For many parents expecting a new baby, it can be daunting when thinking about how you can introduce your older child or children to their new sibling. For many expecting parents, a number of feelings come about when you’re thinking about introducing your child to a new sibling; excitement, dread, fear about how they will react. We often think it will go a few ways; they could be happy about the new arrival; they may hate them, or they may be completely disinterested. No matter how much you prepare, it can often come down to what happens in the moment but there are some tips on how to make the transition as smooth as possible.
Before Birth
The first steps to introducing your older child to their new sibling begins before birth; just like you are getting to know your growing baby. Looking at ultrasounds together and letting your child talk to and touch your bump can help them to feel closer to their sibling and can comfort them about what is to come. Asking them questions about their sibling and talking about what they are doing inside your tummy can help to make your child feel reassured and help them to understand that it is a person.
The First Meeting
Making the first meeting one to remember for all the right reasons is key. There are a number of ways you can do this; if your child is coming to visit you in the hospital consider what is nearby for them to do. Maybe a friend or family member could take them out for food or to a park before the visit to make them happy and ready to meet their sibling. If you would prefer to introduce them in a more comfortable setting such as at home, there are ways to make that interesting too; your child could get involved by planning a welcome home party. A pretty common step when introducing your child to a new baby is to give the child a gift from their new sibling.
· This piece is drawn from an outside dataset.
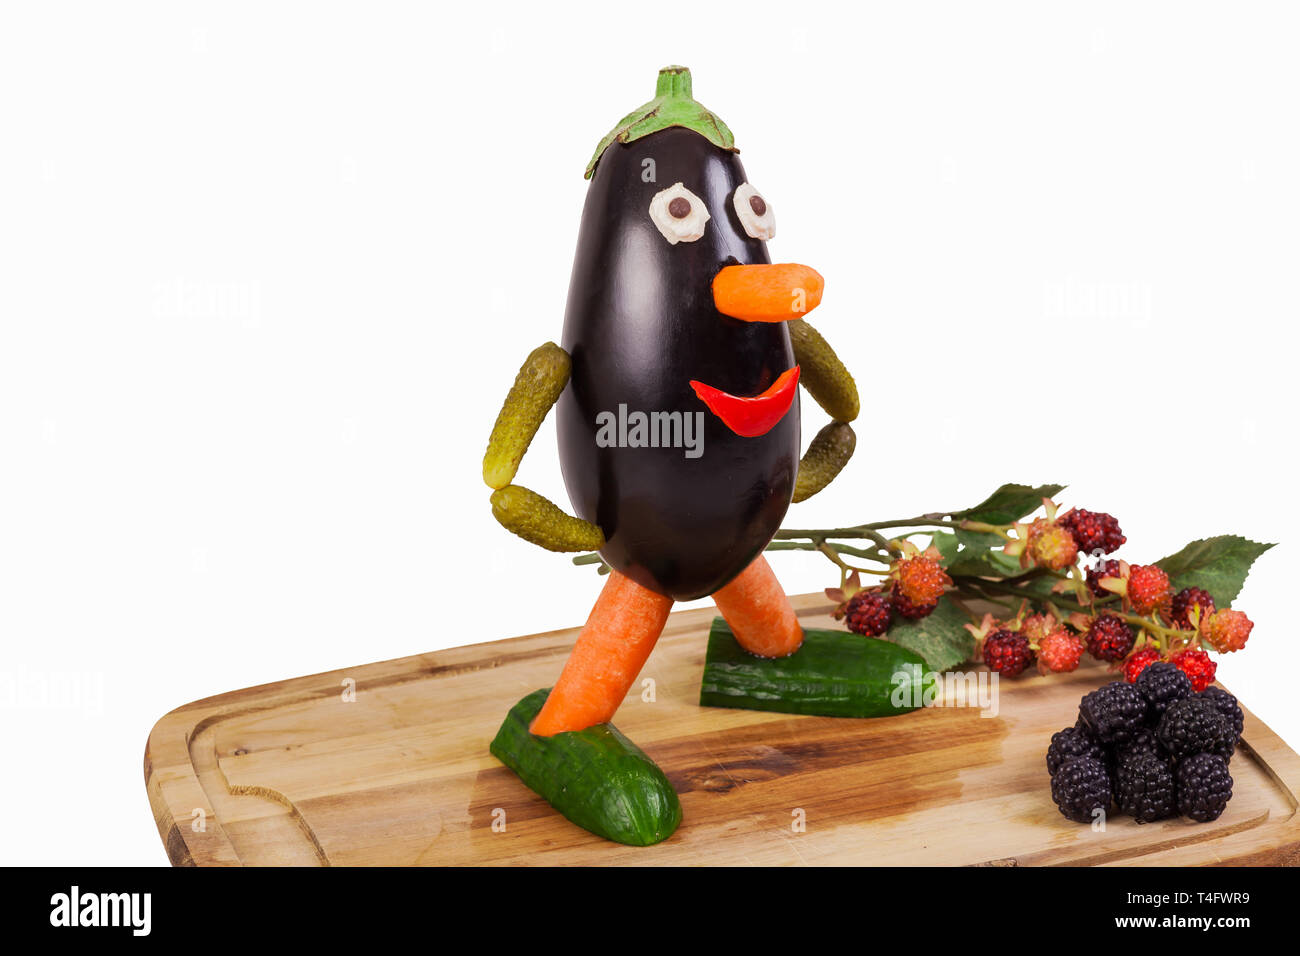 Funny figure taillée d'une aubergine avec deco fruits sur une planche en bois isolé- Banque D'Images

It helps your child understand that the baby is a real person and that they love them too. The gift doesn’t have to be anything big; just something to make that bond.
After the Birth
A lot of the time a main concern for parents is that your child will feel left out or threatened by the new baby’s arrival. A good way to combat this is to give your child a lot of attention once the baby is home. Putting down your newborn baby and instead focusing on your older child will know they are loved and shouldn’t be worried. From then it is advisable to include your older child in taking care of their new sibling; they can help entertain them, feed them and soothe them. After all you’ll be thankful for the help.
10 Rules For Introducing Your Toddler To Your New Baby
Having a baby is an exciting time, however, as a parent you are likely to feel apprehensive when it comes to introducing your new addition to your toddler. While there is no one rule fits all approach to this there are a few basic rules which can help guide you to make the first meeting run as smoothly as possible.
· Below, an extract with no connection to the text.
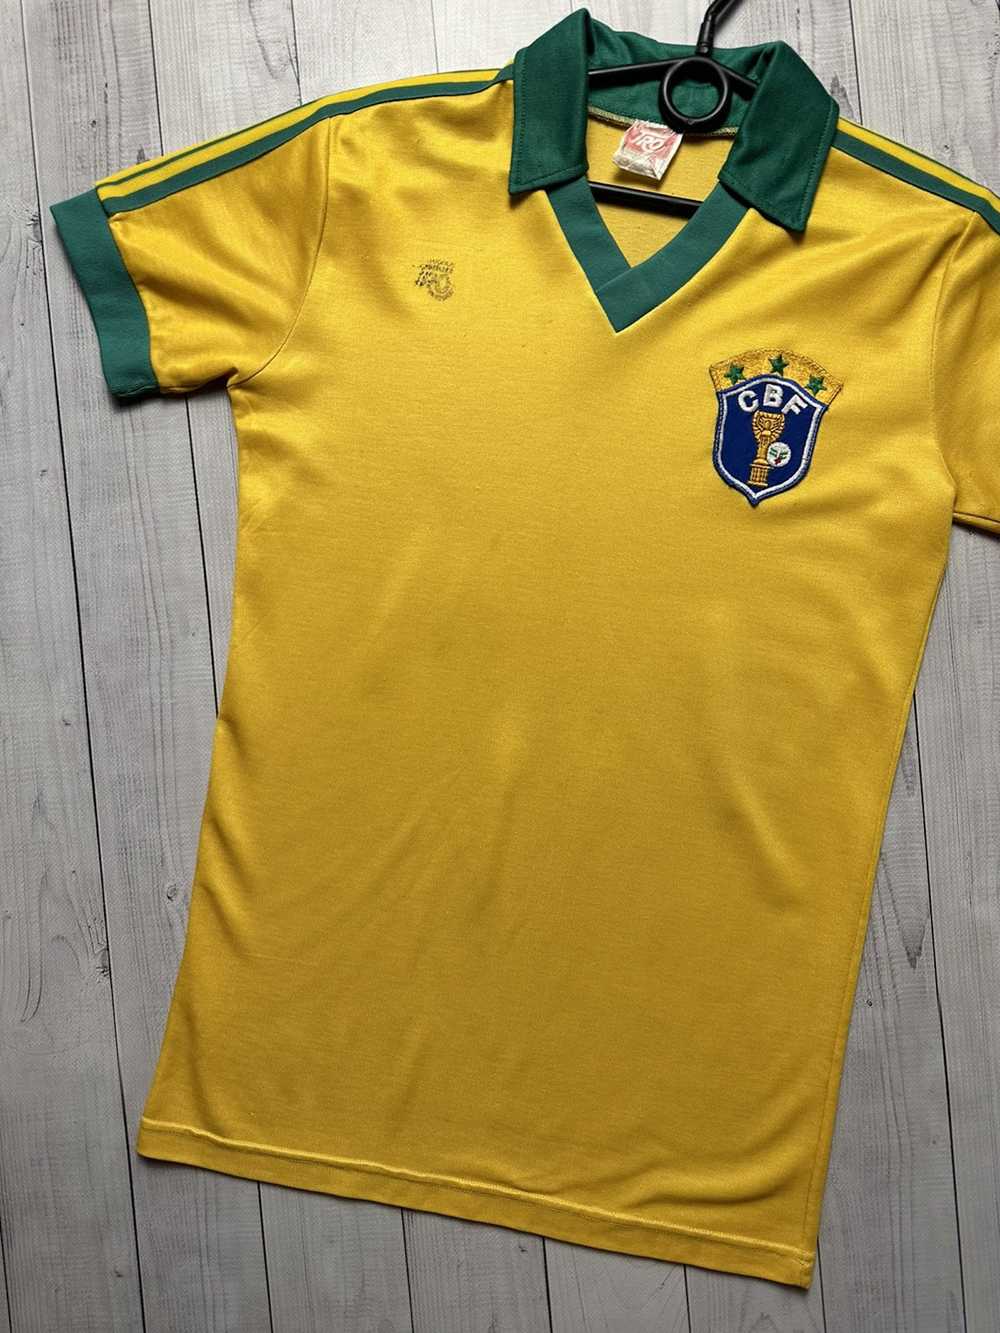 Soccer Jersey × Vintage Vintage Brazil soccer jer… - image 2

- Gradually talk to your toddler about the concept of been a big brother or sister.
- Read a book about new babies to encourage your toddlers understanding about what it means to have a new baby in the family.
- Get them involved in your pregnancy. Don’t hide been pregnant as it will shock them when the new addition arrives.
- Encourage your toddler to interact with other babies before the birth. Hold your friend’s babies within sight of your toddler, if they seem jealous don’t panic, support your toddler’s reaction and praise them when appropriate.
- The first meeting should be relaxed. Most toddlers don’t like change so ensure you are in an environment which makes your toddler happy.
- Although the first meeting is a big moment for you try not to make it feel like that for your toddler.
- Involve your toddler in the basic care of your new baby. Simple tasks like getting you a clean nappy or wipes can help toddlers feel important in their new role.
- Keep to existing routines as best you can. Continue to send them to nursery as usual and keep bath time and bed time routines consistent where possible.
- Expect your toddlers behaviour to regress, from sleep to potty training, this is all completely normal and can happen a few weeks after the arrival of baby.
- Never stop your toddler interacting with the new baby. While toddlers can be heavy handed it is important they establish a bond, ensure your toddler understands to be gentle and always supervise.